It is insisted that the judgment is erroneous — First, upon the ground that the plaintiff, having elected to sue the Rio Grande & Pecos Railway Company for damages for appropriating his land without asserting his lien in that action, had waived the lien, if any ever existed; second, for the reason that his right of asserting a lien, and of claiming any recovery, against appellant, was concluded by the action of the United States court upon his claim: and, third, because the plaintiff, even if entitled to recover anything, was not entitled to recover the damages as assessed in the former suit between him and the former company.

In regard to the first ground, we are of the opinion that the plaintiff was not bound to show that he had a lien upon the property in order to maintain this action. As we construe the statement, the Rio Grande & Pecos Railway Company entered upon his land, and made use of so much of it as was needed for its right of way, for railroad purposes, without having resorted to the method provided by law for its condemnation to that use.

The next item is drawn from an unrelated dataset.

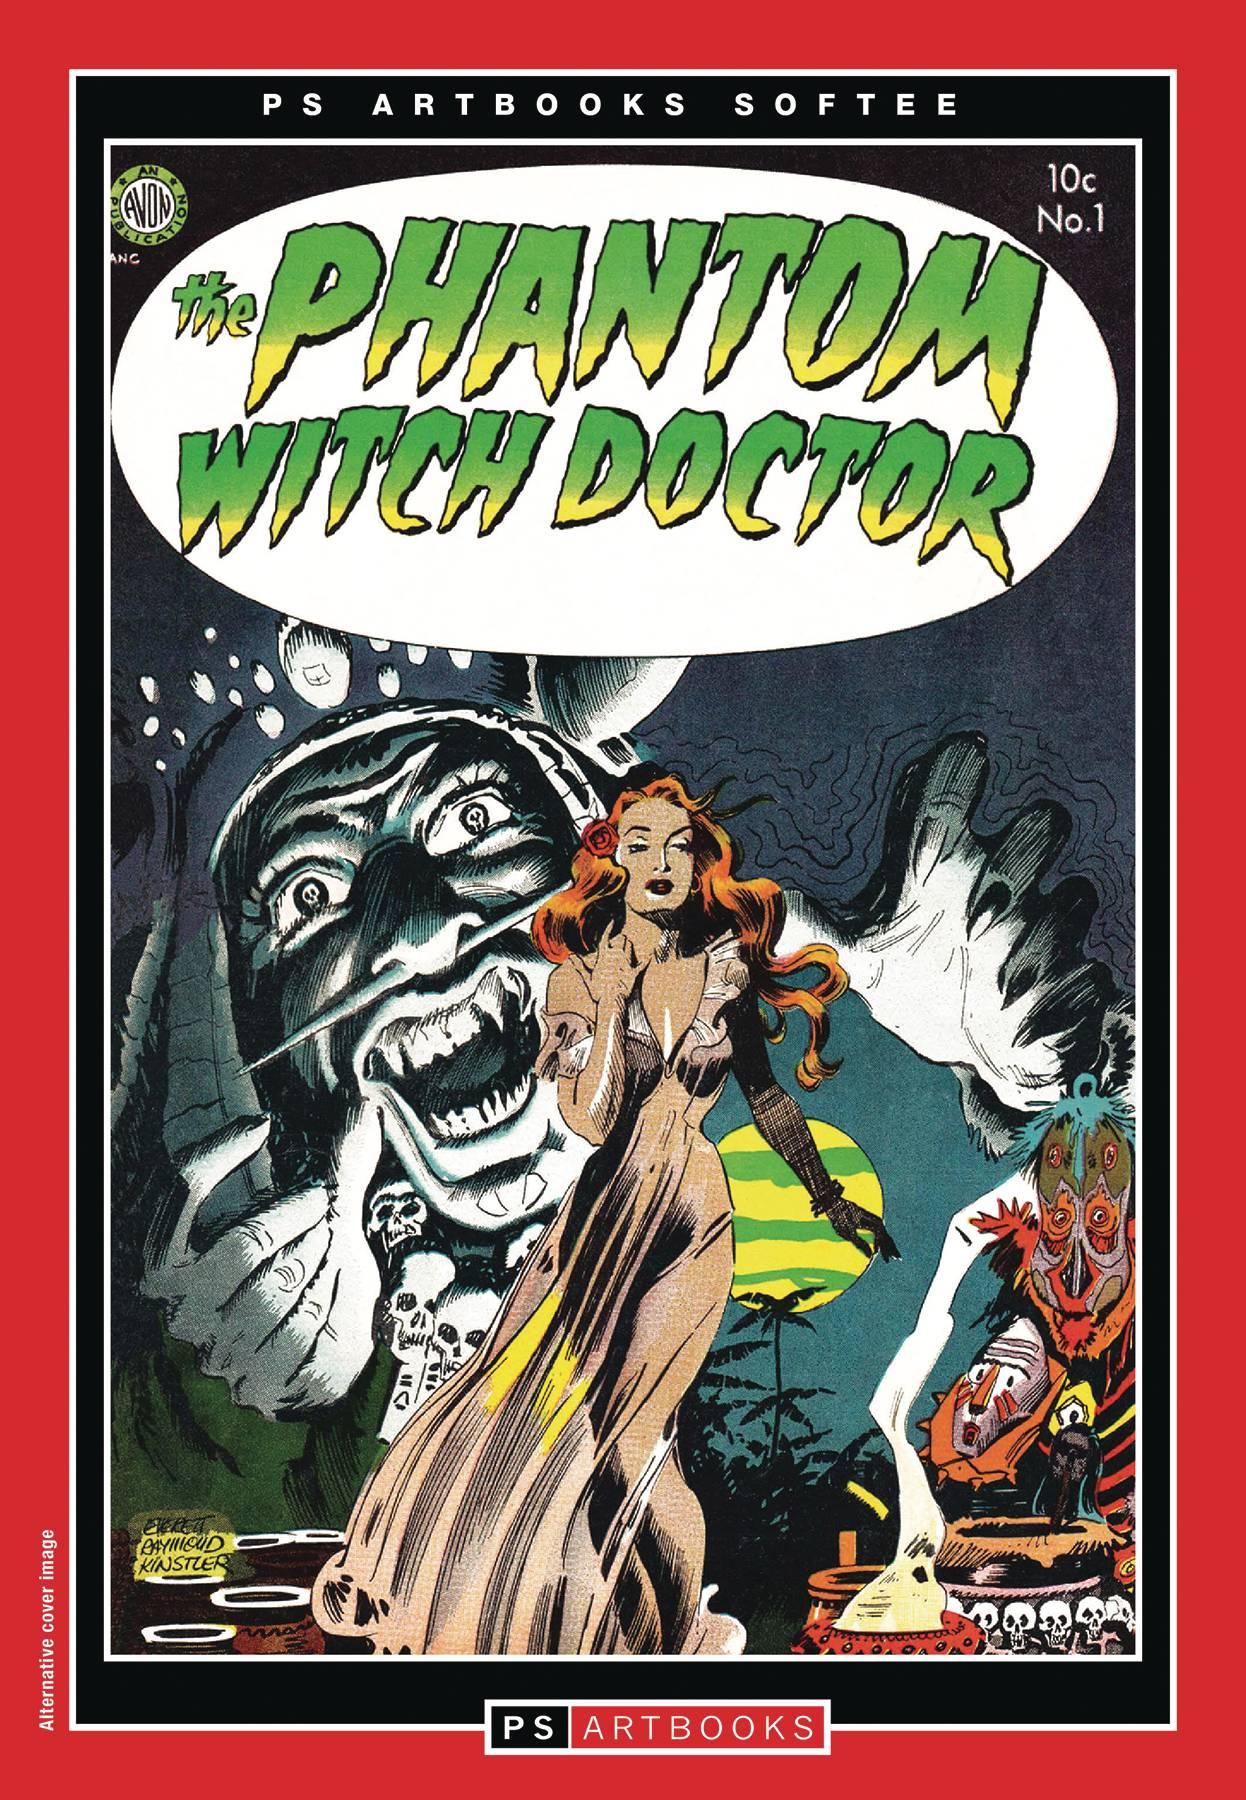 PS ARTBOOKS BEWARE SOFTEE TP 01 PHANTOM WITCH DOCTOR CVR
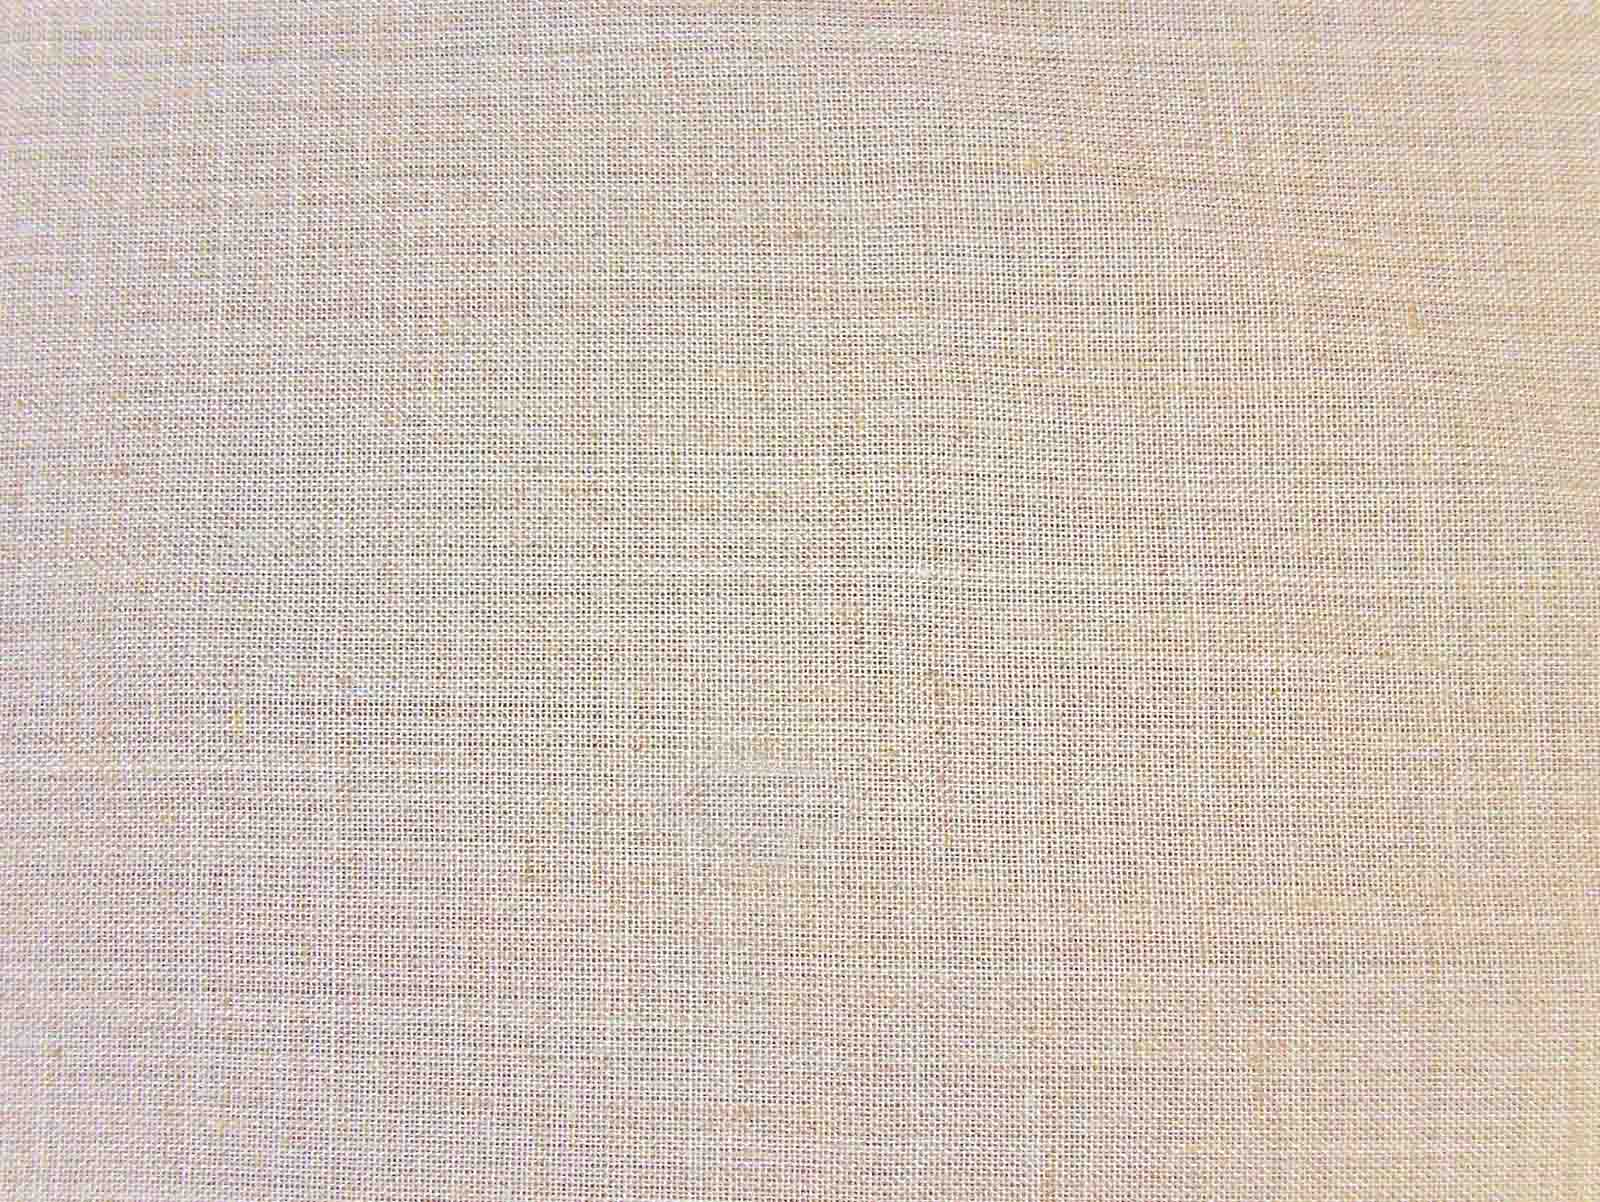 Texture-Linen by ttocsnodrog

The company, by virtue of its franchises, had the right to appropriate the land, provided it first paid a just compensation to the owner, to be assessed in the manner prescribed by the statute. This the plaintiff could not prevent. But, the company having already occupied the land without either the payment or assessment of any compensation, he had two methods of enforcing his rights. The first was by an action for the recovery of the land, which would have forced the company to take the statutory measures for its condemnation; and the second was to bring a direct action to recover his damages for the appropriation of the land. Railway Co. v. Benitos, 59 Tex. 326. An injured party may sometimes waive a tort, and sue as upon an implied contract; but that is probably not the principle upon which the right of action should be sustained when the owner sues for his damages. At all events, the case is somewhat different from that of an ordinary trespass. The ultimate rights of the parties are that the railroad company is entitled to the easement...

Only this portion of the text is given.